A biomarker analysis involving the largest dataset of its kind finds that tumor mutational burden and T cell-inflamed gene expression profile can independently predict a patient's response to pembrolizumab. However, joint consideration of both biomarkers offers the greatest clinical utility and identifies patterns of underlying, targetable biology.

To validate two of the most widely used candidate biomarkers for immunotherapy—tumor mutation burden (TMB) and gene expression profiles (GEP) indicative of a “hot” T cell–inflamed microenvironment—Merck has released an analysis involving tumor samples from 315 patients with 22 types of cancer who received its anti–PD-1 drug pembrolizumab (Keytruda) as part of four separate clinical protocols (Science 2018;362:eaar3593).

By mining this large pan-tumor dataset, the authors show that TMB and GEP independently predict response to checkpoint blockade, yet exhibit low correlation. Considering both biomarkers, they concluded, offered the greatest predictive utility and helped reveal patterns of underlying, targetable molecular and genetic activity.

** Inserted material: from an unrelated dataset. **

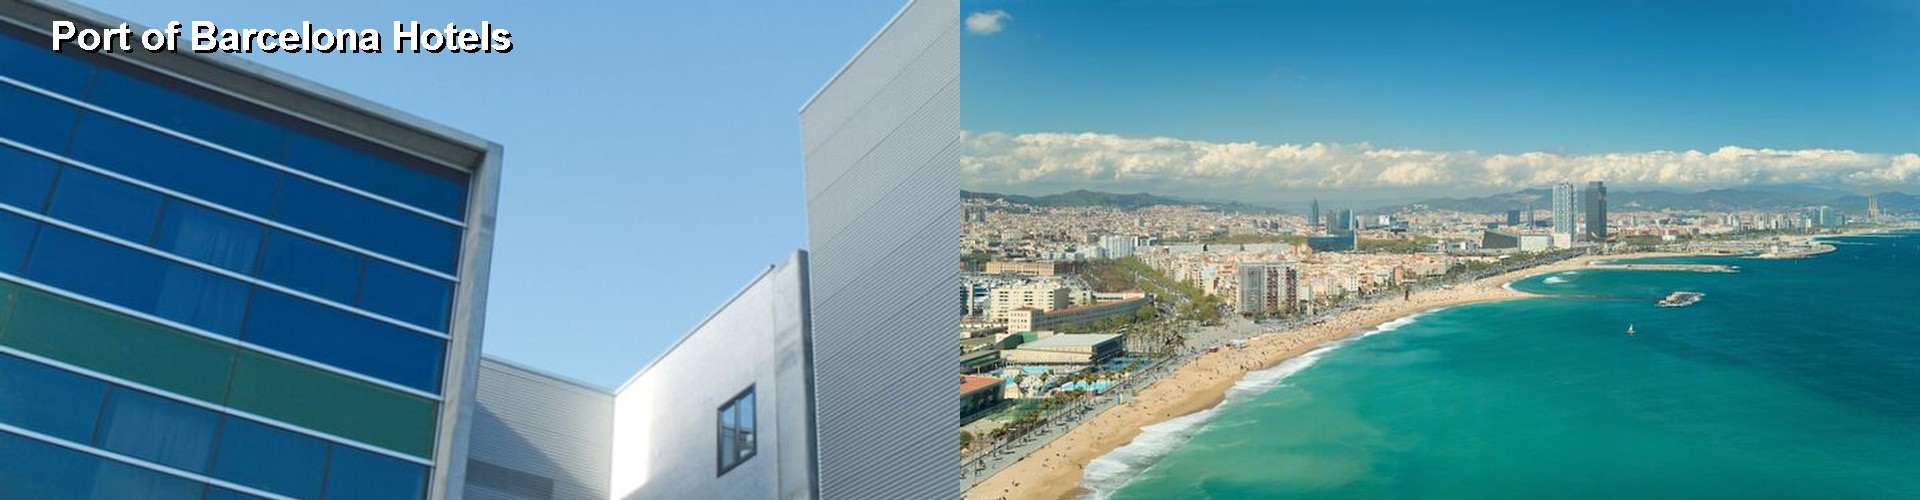 5 Best Hotels near Port of Barcelona

The findings suggest that each biomarker captures a distinct aspect of cancer immunobiology—tumor antigenicity and T-cell activation state, respectively. “Both are important,” says James Gulley, MD, PhD, head of the Immunotherapy Group at the NCI Center for Cancer Research, who was not involved in the study. Although smaller, single-tumor-type studies made similar inferences in the past, “we haven't had as big a dataset before.”

To parse the data, Razvan Cristescu, PhD, senior principal scientist at the Merck Research Laboratories in Boston, MA, and his colleagues stratified the 315 trial participants into four biomarker-defined groups based on their tumors' TMB and GEP scores. Cristescu's team showed that patients with high levels of both biomarkers had the greatest response rates to pembrolizumab—37% to 57%, depending on the cutoff values used to delineate high and low TMB. Response rates were under 10% for patients with low levels of both biomarkers, and between 11% and 42%, depending on the cutoffs, among those with high TMB and low GEP, or vice versa.

Cristescu's team also cross-validated the biomarkers against transcriptomic and genomic profiles from thousands of tumor samples in The Cancer Genome Atlas, which confirmed that TMB and GEP offer tumor type–agnostic signatures of biological processes related to cell proliferation, vascular invasion, myeloid infiltration, and stromal signaling. Cristescu says this provides a biological explanation for why certain pan-tumor, biomarker- defined patient groups exhibit lower response rates to pembrolizumab.

However, the biomarkers reflect a degree of molecular dysregulation specific to each tumor type as well, indicating that the clinical utility of TMB and GEP will likely vary from one indication to the next.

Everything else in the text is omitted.